The capabilities are: create, read, update, delete, list, sudo, deny. Deny always wins.

# Apply the policy
vault policy write myapp-secrets myapp-policy.hcl

# Test what a token can actually do
vault token capabilities hvs.CAESIJ... secret/data/myapp/database
# read

vault token capabilities hvs.CAESIJ... secret/data/billing/stripe-key
# deny

Gotcha: The root policy bypasses everything and never expires. After initial setup, revoke the root token immediately: vault token revoke <root-token>. If you need root access later, regenerate a temporary one with vault operator generate-root using the unseal keys, use it, then revoke it again. Services should never authenticate with root.

Flashcard Check #2¶

Question	Answer (cover this column)
What are the four Vault pillars?	Secret engine, auth method, policy, lease
What's the difference between static and dynamic secrets?	Static are stored and retrieved; dynamic are generated on demand with a TTL and auto-revoked
Why does KV v2 cause "permission denied" surprises?	Policies need `secret/data/...` path, but CLI uses `secret/...` — the `/data/` is hidden
What does AppRole's `secret_id` do vs `role_id`?	`role_id` = identity (long-lived), `secret_id` = credential (short-lived, runtime-injected)
What's the default policy behavior?	Deny everything — you must explicitly grant access
Why is root token dangerous in production?	Bypasses all policies, never expires, full access to everything

Part 7: Dynamic Database Secrets — The Full Walkthrough¶

Back to our mission. We rotated the leaked password manually. Now we're going to make passwords unnecessary. Here's the complete setup, step by step.

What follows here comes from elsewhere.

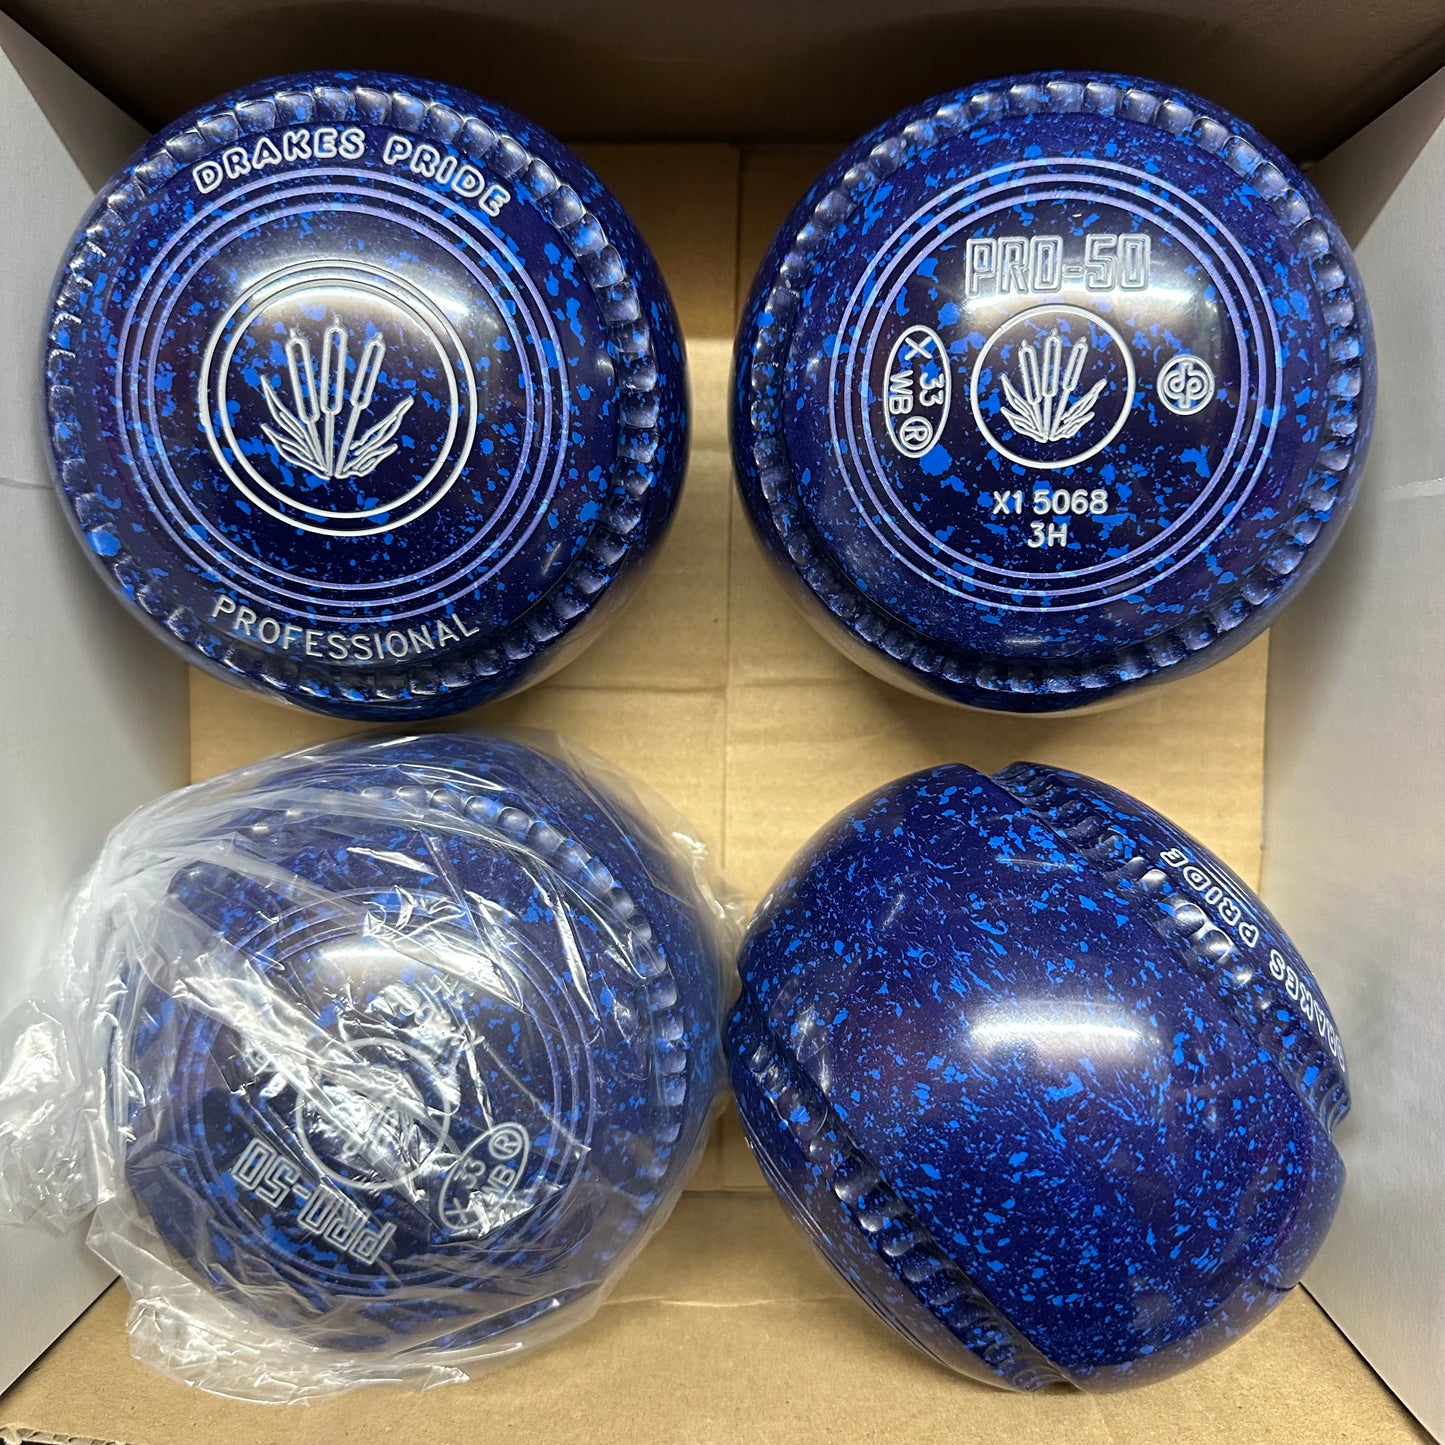 Drakes Pride PRO-50 - Size 3H - Dark Blue/Blue (Grey Rings) - WB33 Stamp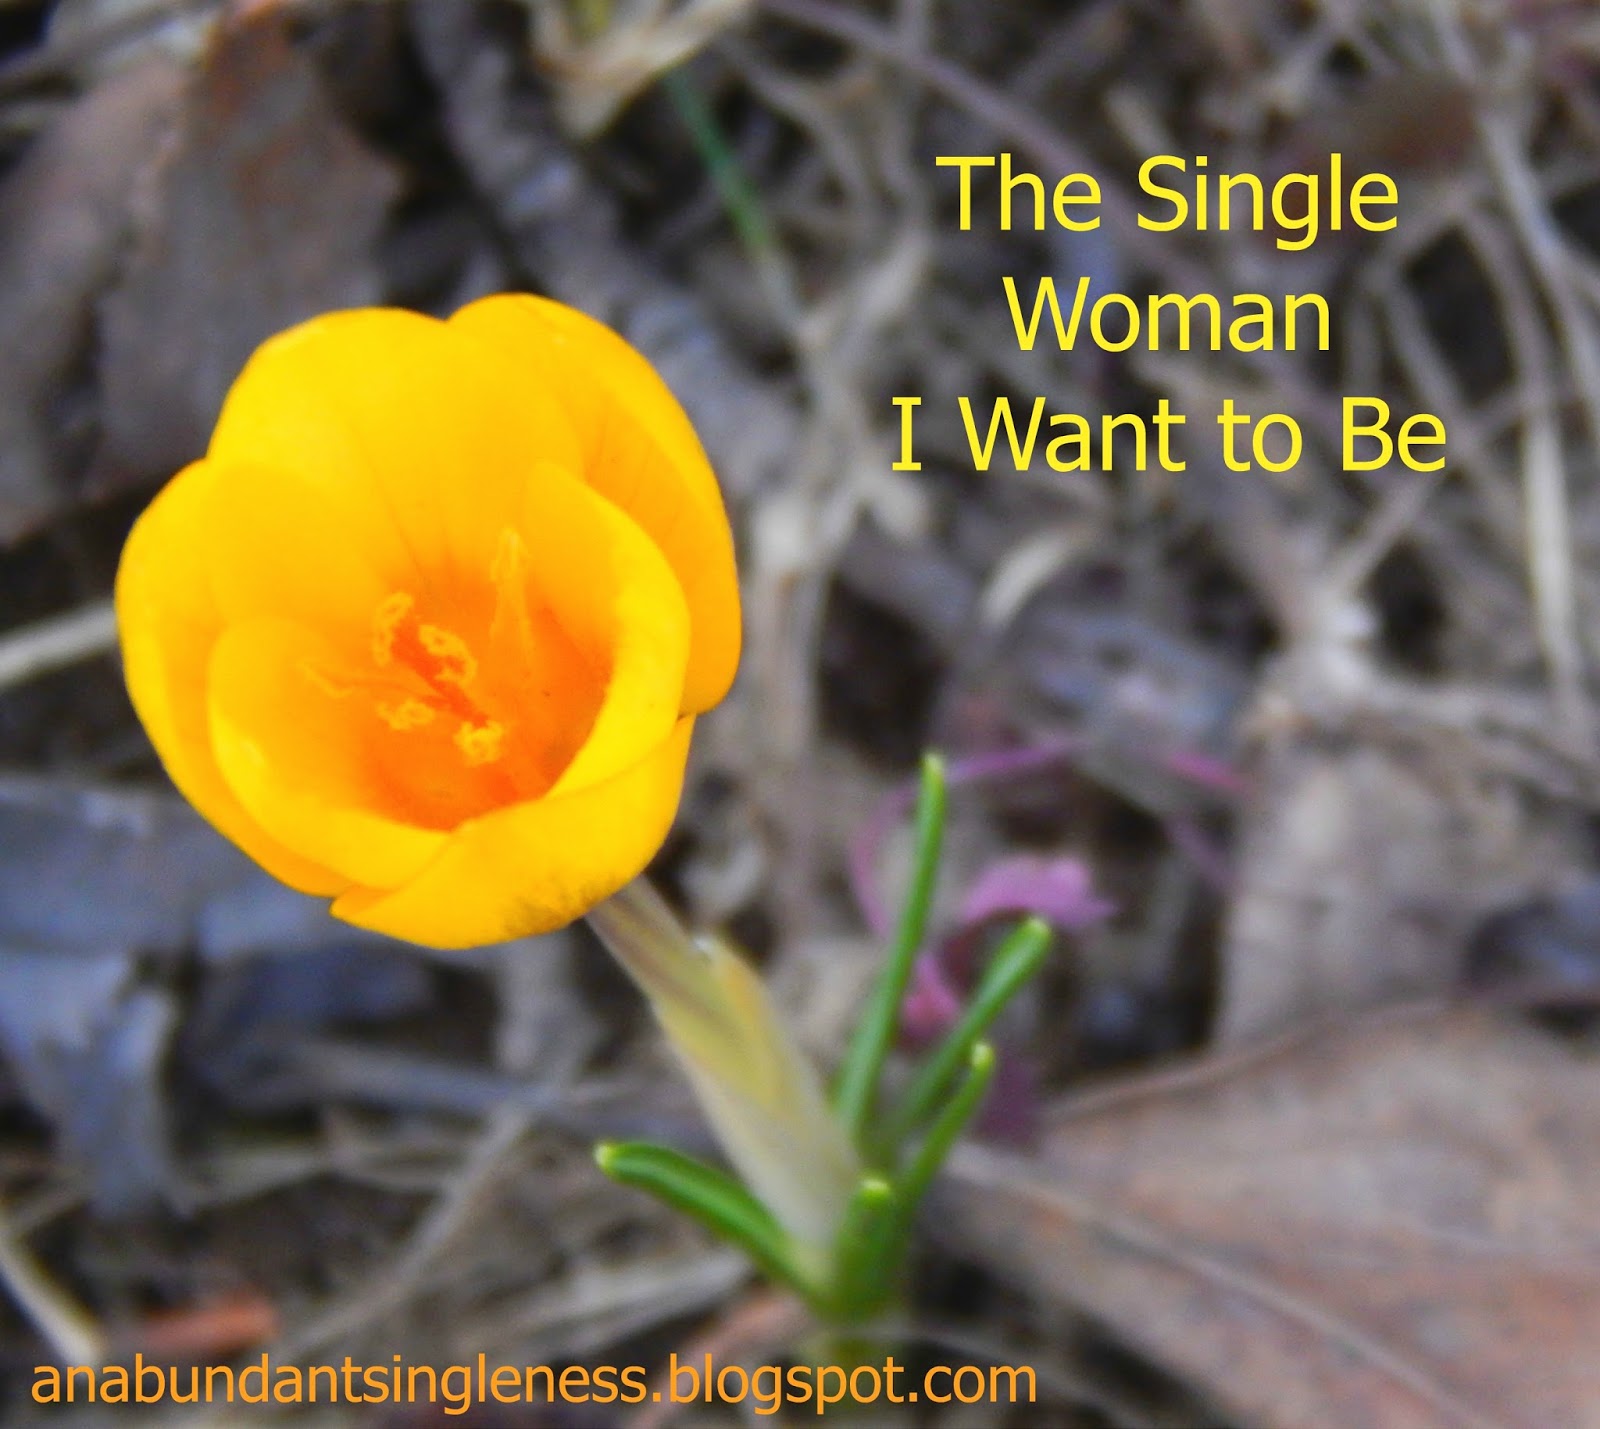 An Abundant Singleness: The Single Woman I Want to Be

Step 1: Vault needs a privileged database account¶

Vault itself needs credentials that can create and destroy database users. This is the only long-lived credential — and it stays inside Vault, never in Git.

# Create a Vault-managed admin user in PostgreSQL
psql -h db.example.com -U postgres -c \
  "CREATE ROLE vault_admin WITH LOGIN PASSWORD 'vault-managed-2026' CREATEROLE;
   GRANT ALL ON SCHEMA public TO vault_admin;"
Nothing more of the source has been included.